The technology is explained in the clip below and allows Acer to create thinner computers and cool them appropriately, so they won’t throttle under serious loads (in theory, at least).
The Predator Helios 300s are expected in stores in June/July 2017, with the 15.6-inch models starting at $1099 and the larger 17.3-inch versions starting at $1199.
Acer Predator Triton 700
The Predator Triton 700 is the one that has the potential to be a truly spectacular product.
It bundles overclocked Intel HQ processors, Nvidia GTX 1080 graphics, up to 32 GB of DDR4 RAM and dual NVMe Storage in RAID 0 into a body that weighs just 5.75 lbs (2.6 kg) and is 0.74″ (18.9 mm) thick. That was also made possible by the AeroBlade 3D fans and a redesigned cooling system.

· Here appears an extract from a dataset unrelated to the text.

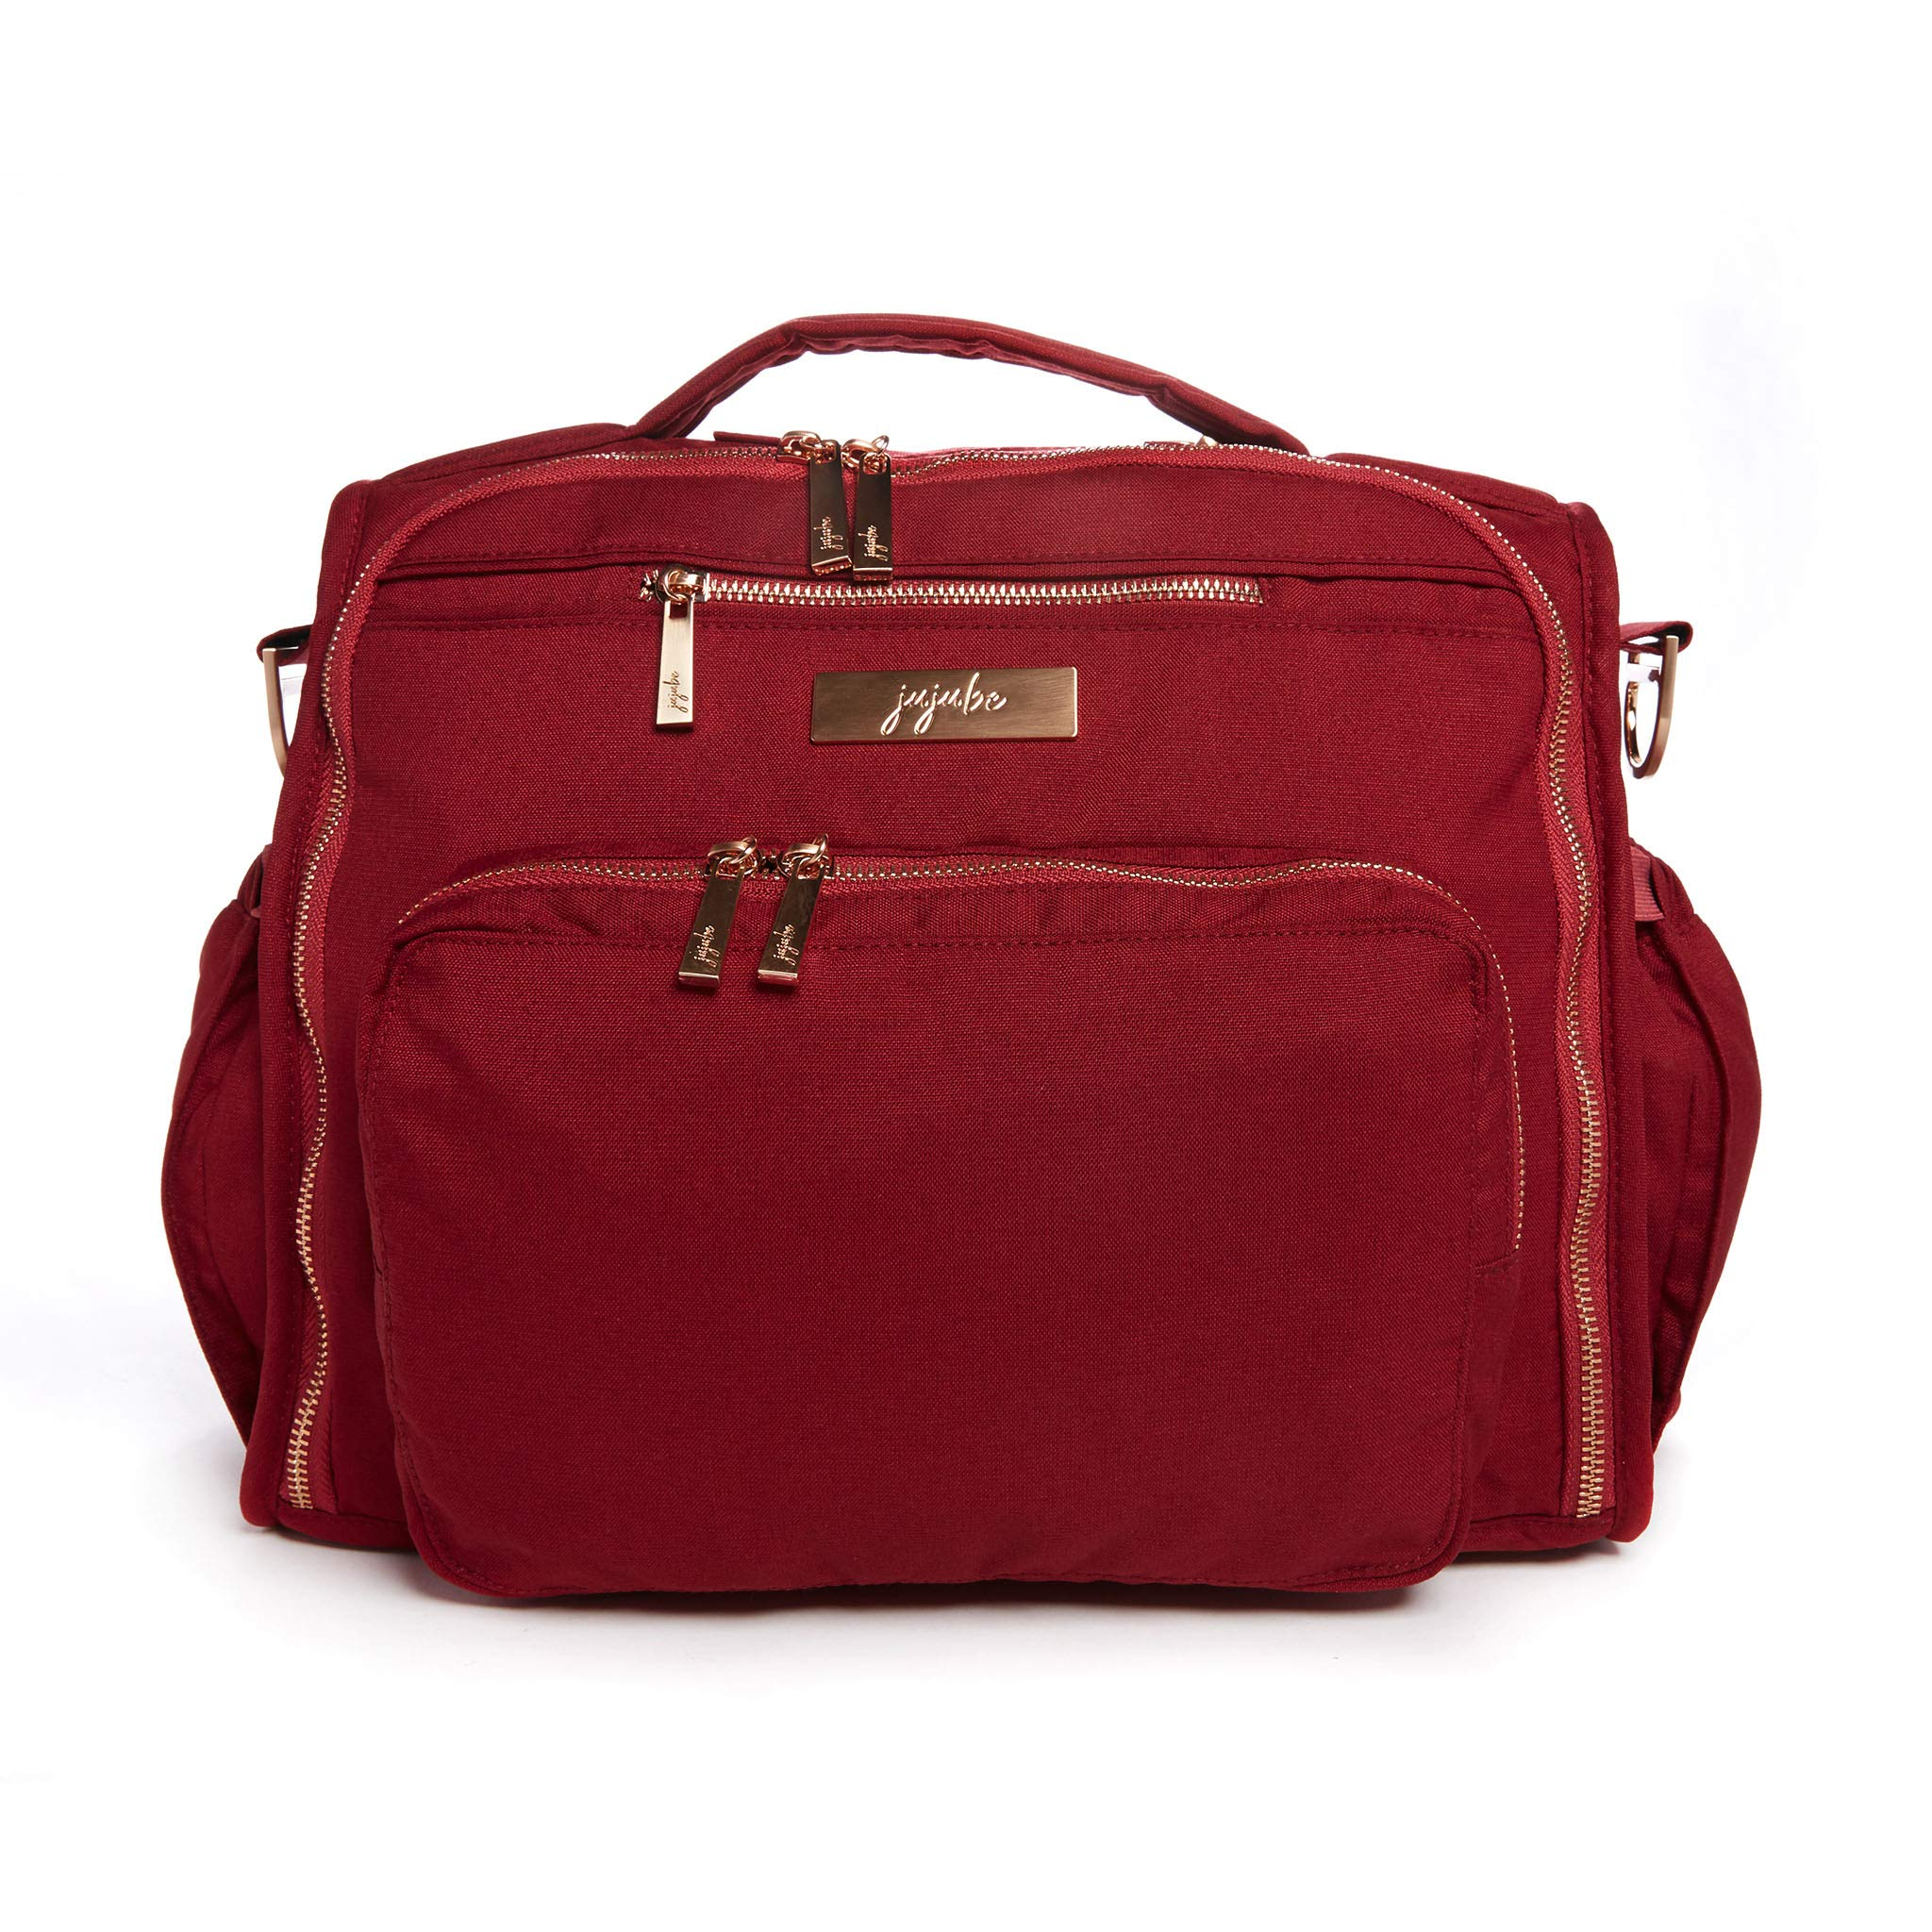 JuJuBe BFF Diaper Backpack   Tibetan Red   Chromatics   Multi-Functional Convertible + Messenger Bag   Travel-Friendly, Stylish Diaper Baby Bag with Laptop Pocket & Memory Foam Shoulder Strap

I’m really looking forwards to see how this notebook performs under load, as it is right now by miles the most compact and lightest device available with a GTX 1080 chip.
On top of all these, the Triton 700 gets a matte 15.6-inch screen with GSync support, solid IO with an included Thunderbolt 3 40 Gbps port, as well as a mechanical keyboard.
The keyboard is placed low onto the deck, towards the front of the interior, a design we’ve seen on other notebooks before. That’s because the top part of the laptop accommodates the graphics and the cooling system. A see-through panel allows users to peak at the components inside, just like on the larger Predator 21X, and this panel that’s covered in Gorilla Glass also acts as a giant touchpad.
Users would still have to get used to the unusual arrangement of not having a palm-rest and having the keyboard and touchpad switched between, but many will probably accept the compromise for a laptop with this kind of form-factor and hardware.
The Triton 700 is expected in stores around August, for $2999 and up.
Personally, I’m looking forward to getting my hands on it and see if it lives to the promise of delivering the full power of the GTX 1080 chip in such a shell. You know I don’t get easily excited, but this laptop could be like no others out there. Acer seem to be confident it can do the job, as they bragged about this laptop scoring around 17000 points in 3DMark 13 and compared the results to what other thin-and-light gaming laptops are capable of, as you can see in the pics below.
Updated Swift 3, Swift 1, Switch 3 and Switch 5 series
Other novelties in Acer’s lineup include some updates of already existing models and a few new 2-in-1s.
The new Swift 1 for instance is a 13-inch laptop with a metallic build, a matte IPS screen, fanless Intel Apollo Lake hardware, a backlit keyboard and a fingerprint reader. We’ve already spent time with a pre-production variant and we’ll have our review up very soon.
The new Swift 3 improves on one of the best bang-for-the-buck everyday laptops we’ve reviewed in 2016 and ads new color schemes, slightly new aesthetics (smooth interior and brushed aluminum exterior) and options for Nvidia 10-series graphics (no details on the model, but I’d reckon a GT 1040 of the sorts). Also, the new Swift 3 will be available in either a 14 or 15.6-inch version, thus becomes an option for those looking for a full-size laptop as well.
The Switch 3 is a Windows tablet with a 12-inch FHD IPS touchscreen with support for Acer’s Active Pen, an adjustable kickstand on the back and a detachable keyboard folio. It looks a lot like an HP Spectre X2, which is a good thing, as the X2 is one of the better such devices you can get out there.
The Switch 5 is a higher-tier device with a similar form factor, but a 12-inch QHD screen with digitizer and Core i Kaby Lake processors cooled passively with Acer’s LiquidLoop technology, pioneered on the Alpha 12s line. Other advertised aspects are the fingerprint reader integrated into the power button and a one-hand kickstand that’s supposed to be easier to adjust than others (doesn’t make much sense to me, but I’ll wait to see it in action).
There are no details on the pricing and availability of either of these products, but like I said in the beginning, stay close for further updates of this entire article.